----- Data shown -----

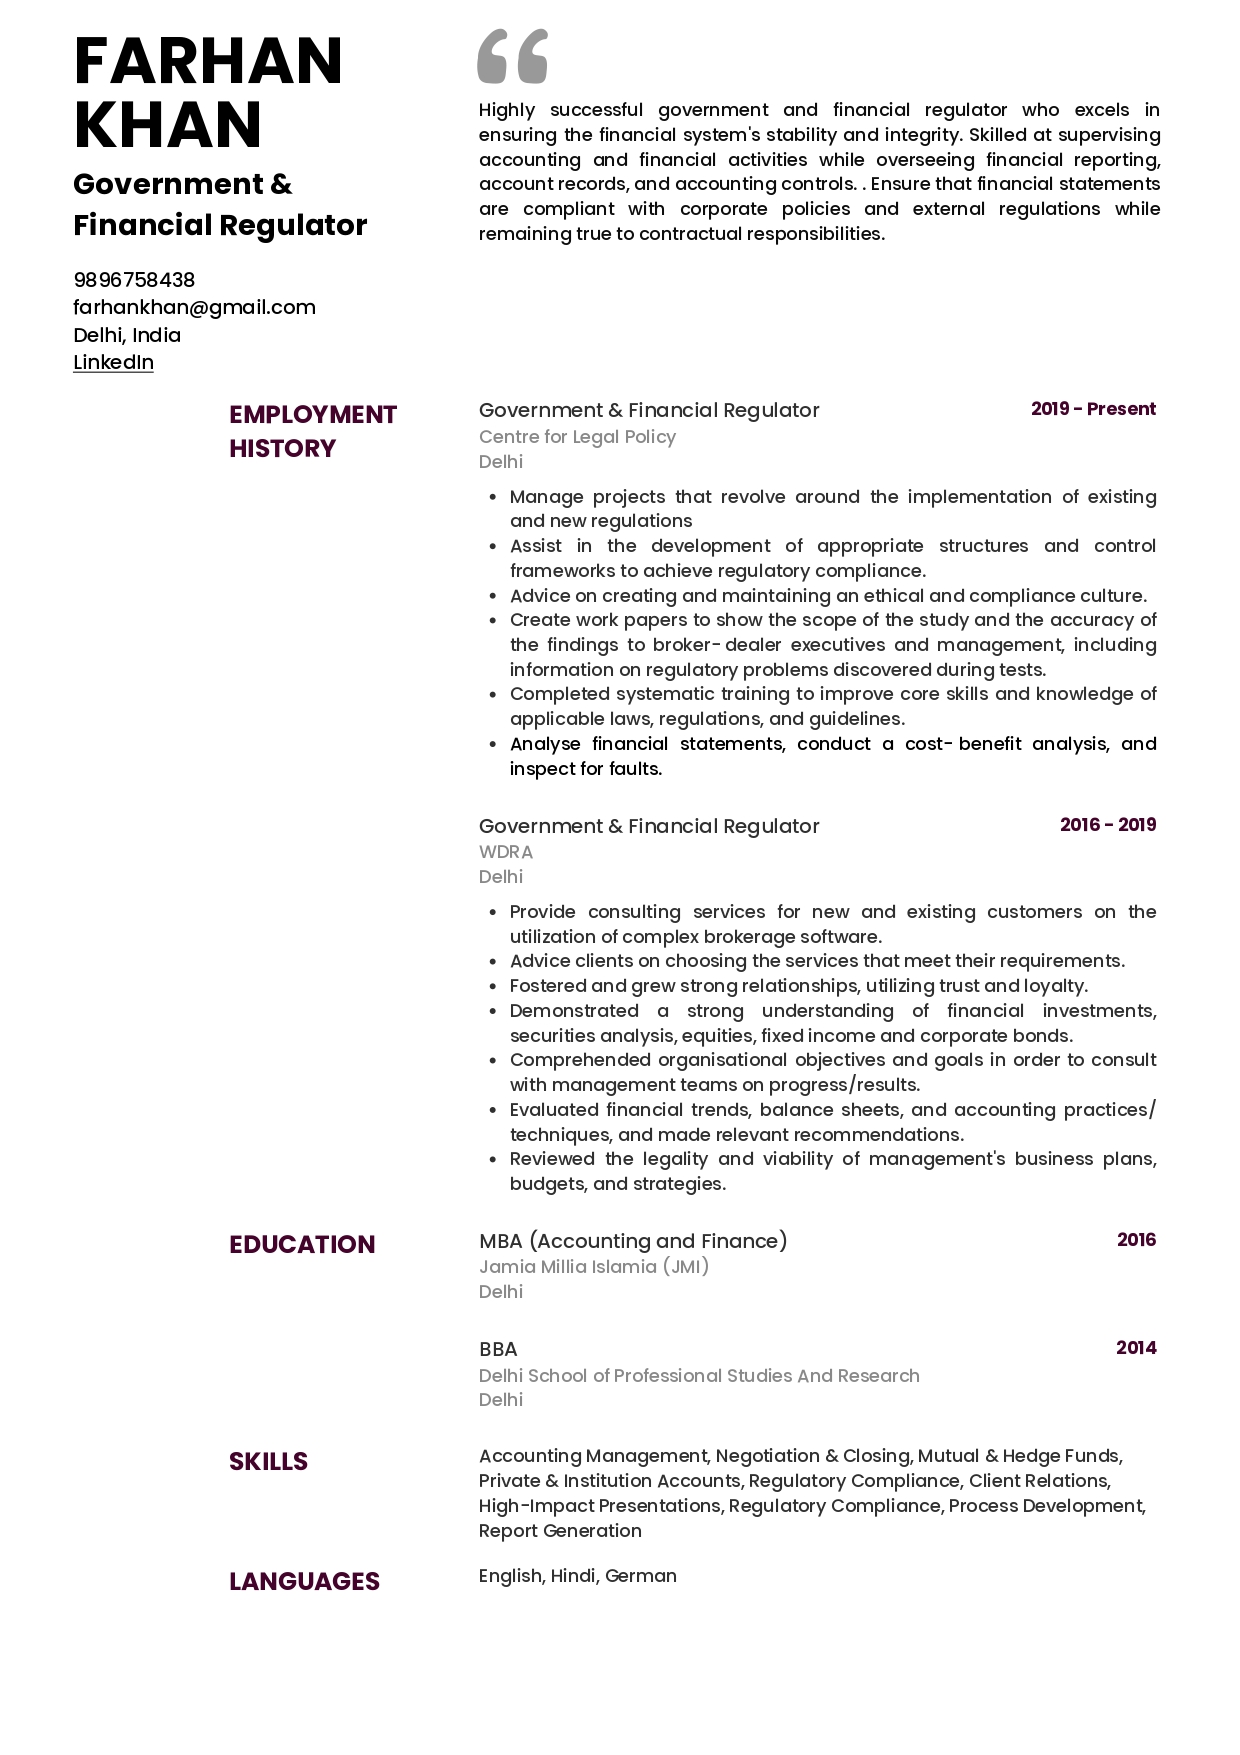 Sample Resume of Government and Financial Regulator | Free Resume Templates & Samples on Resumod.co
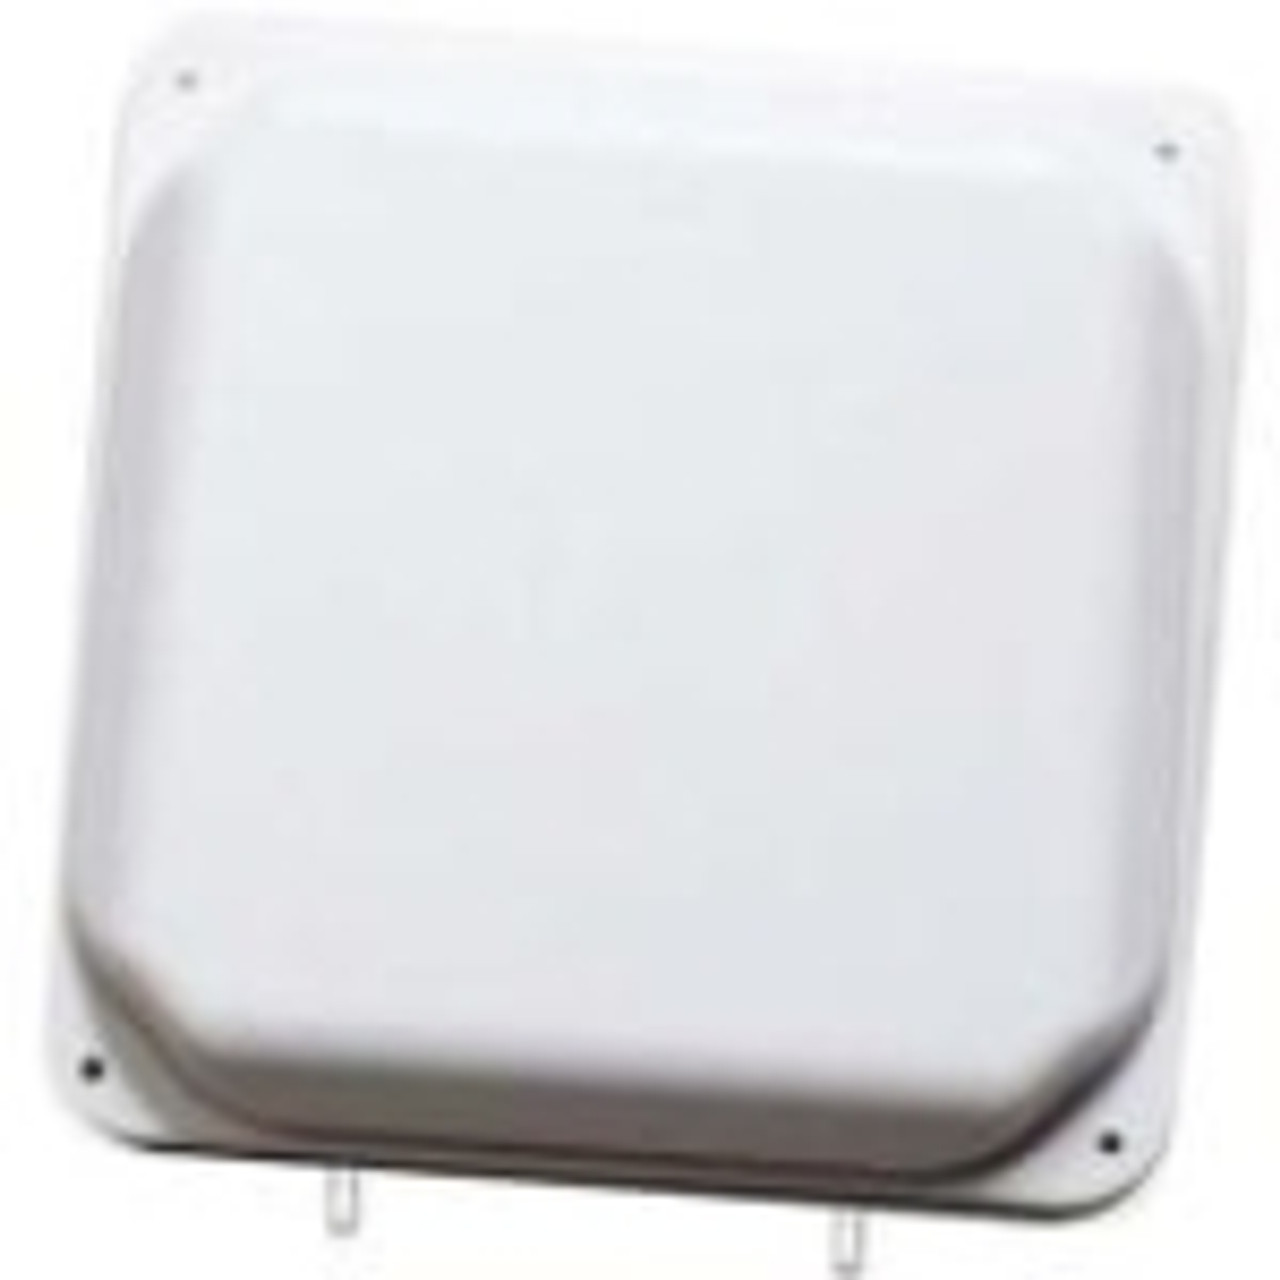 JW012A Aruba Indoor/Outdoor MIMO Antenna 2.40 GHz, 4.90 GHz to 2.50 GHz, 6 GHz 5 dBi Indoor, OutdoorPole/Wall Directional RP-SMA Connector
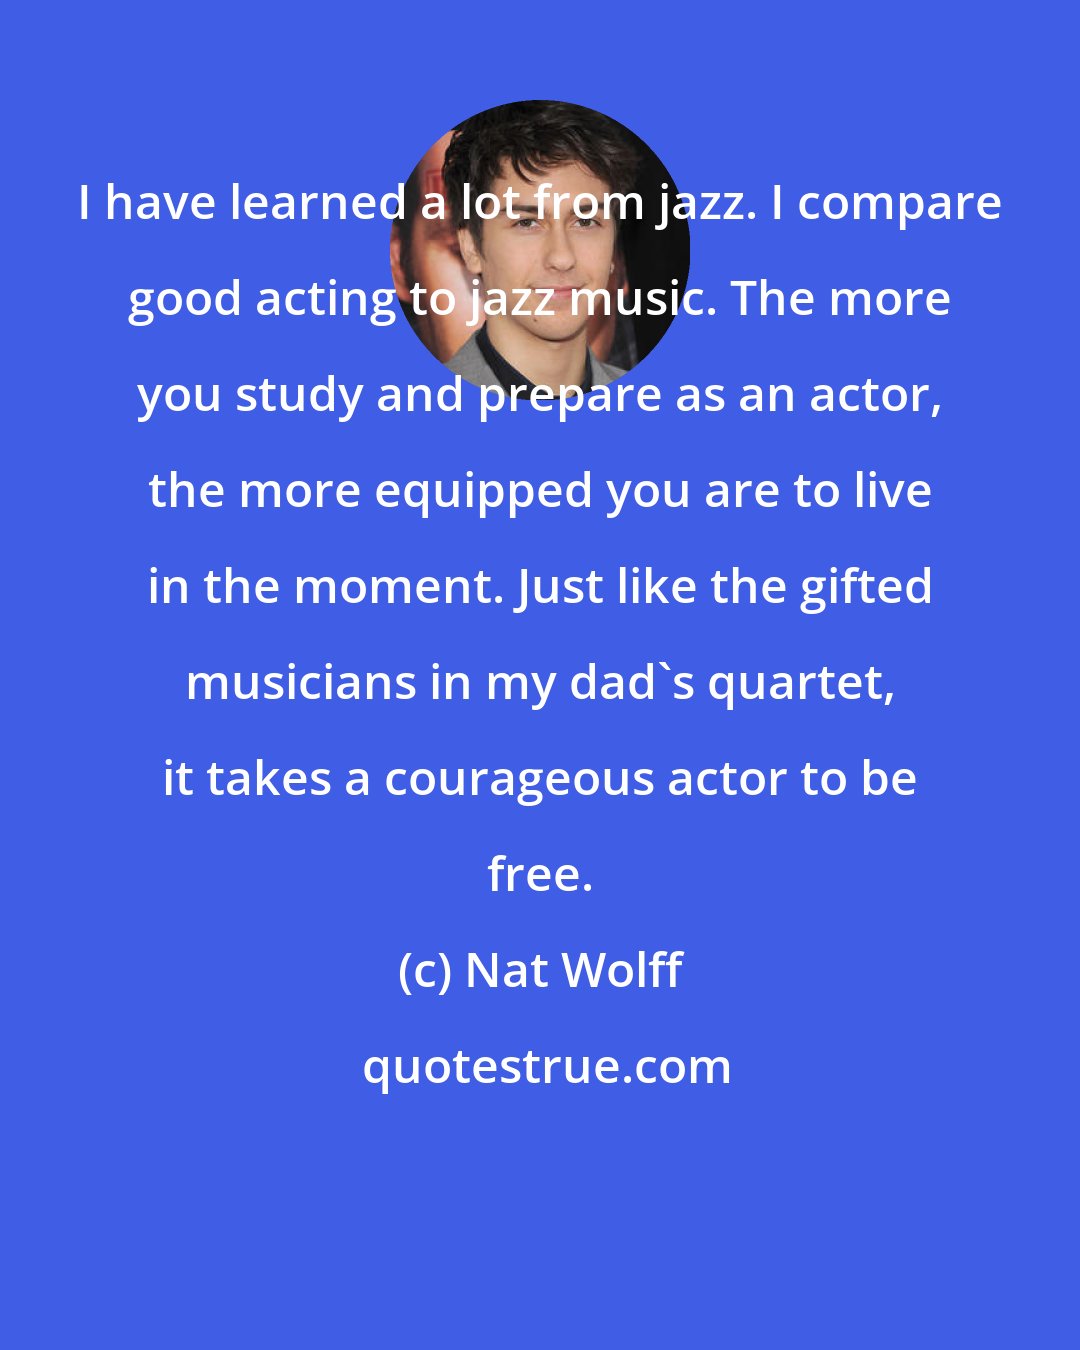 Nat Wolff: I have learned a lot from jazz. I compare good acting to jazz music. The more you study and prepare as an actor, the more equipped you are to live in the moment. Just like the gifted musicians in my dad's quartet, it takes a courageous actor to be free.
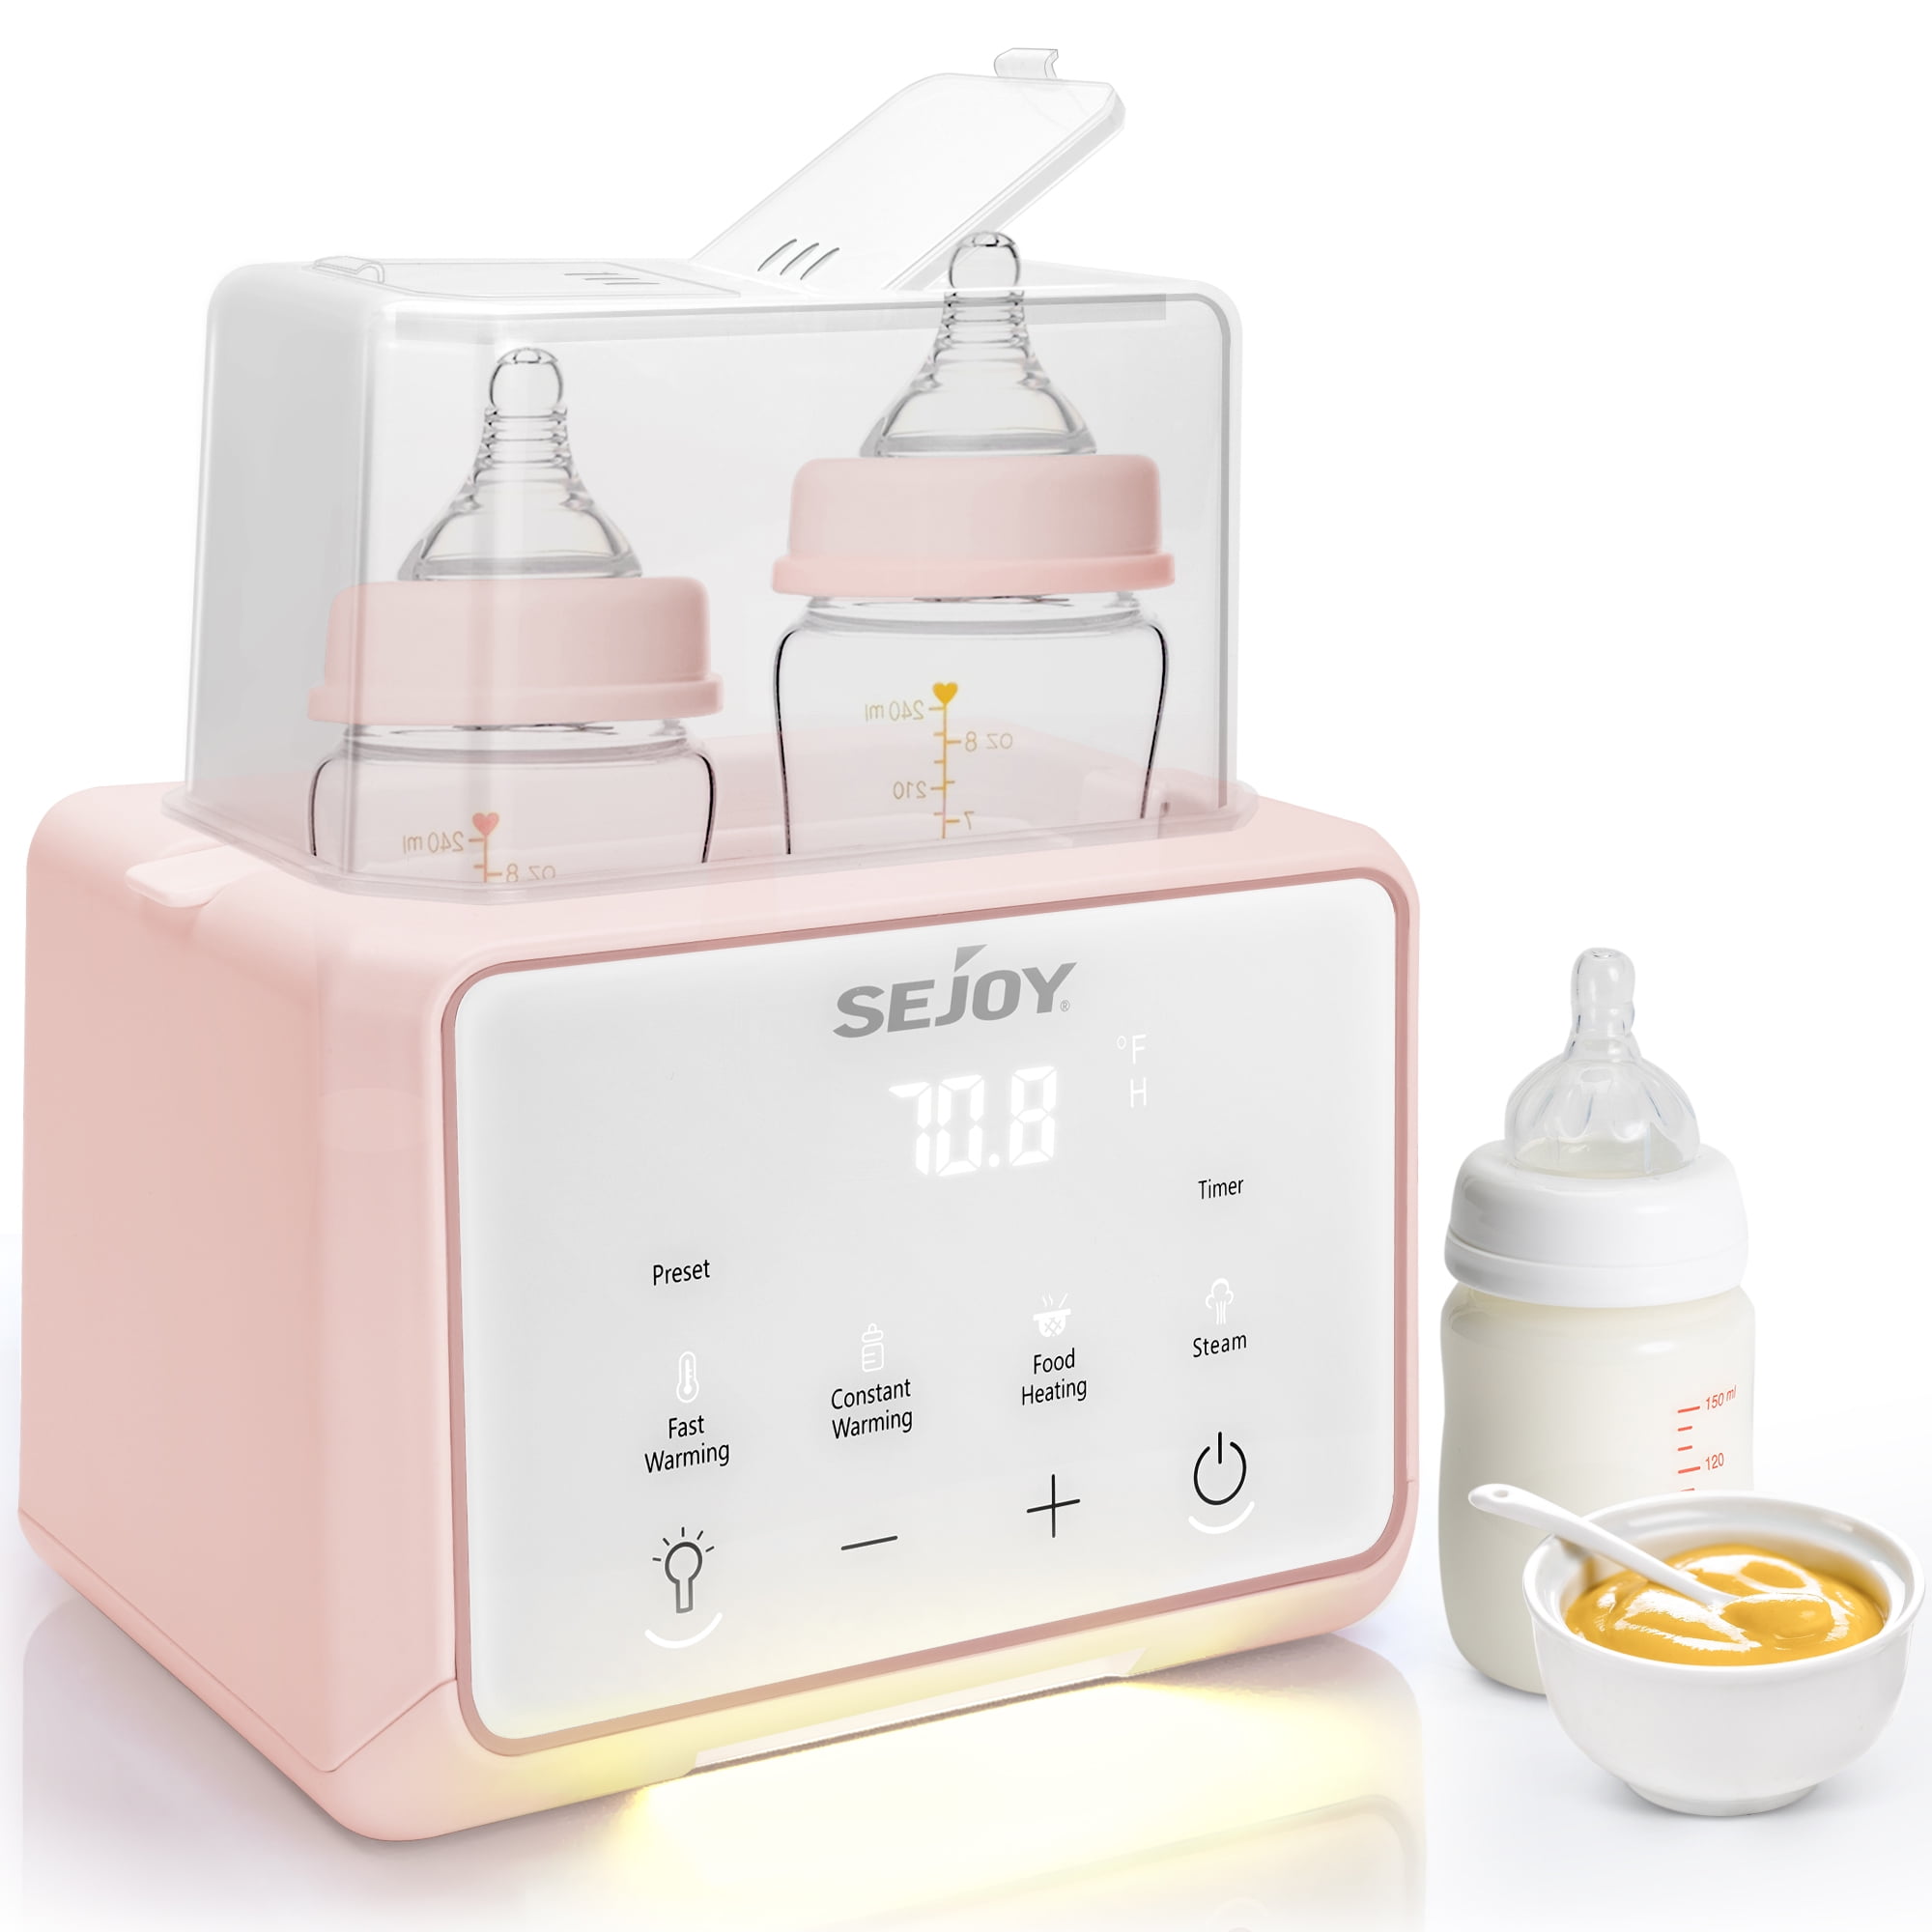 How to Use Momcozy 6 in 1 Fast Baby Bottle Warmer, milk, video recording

-----

Task instructions:
Could you copy each line above exactly as written, minus any pictures?

Your response:
 Sample Resume of Government and Financial Regulator | Free Resume Templates & Samples on Resumod.co
 JW012A Aruba Indoor/Outdoor MIMO Antenna 2.40 GHz, 4.90 GHz to 2.50 GHz, 6 GHz 5 dBi Indoor, OutdoorPole/Wall Directional RP-SMA Connector
 Nat Wolff: I have learned a lot from jazz. I compare good acting to jazz music. The more you study and prepare as an actor, the more equipped you are to live in the moment. Just like the gifted musicians in my dad's quartet, it takes a courageous actor to be free.
 How to Use Momcozy 6 in 1 Fast Baby Bottle Warmer, milk, video recording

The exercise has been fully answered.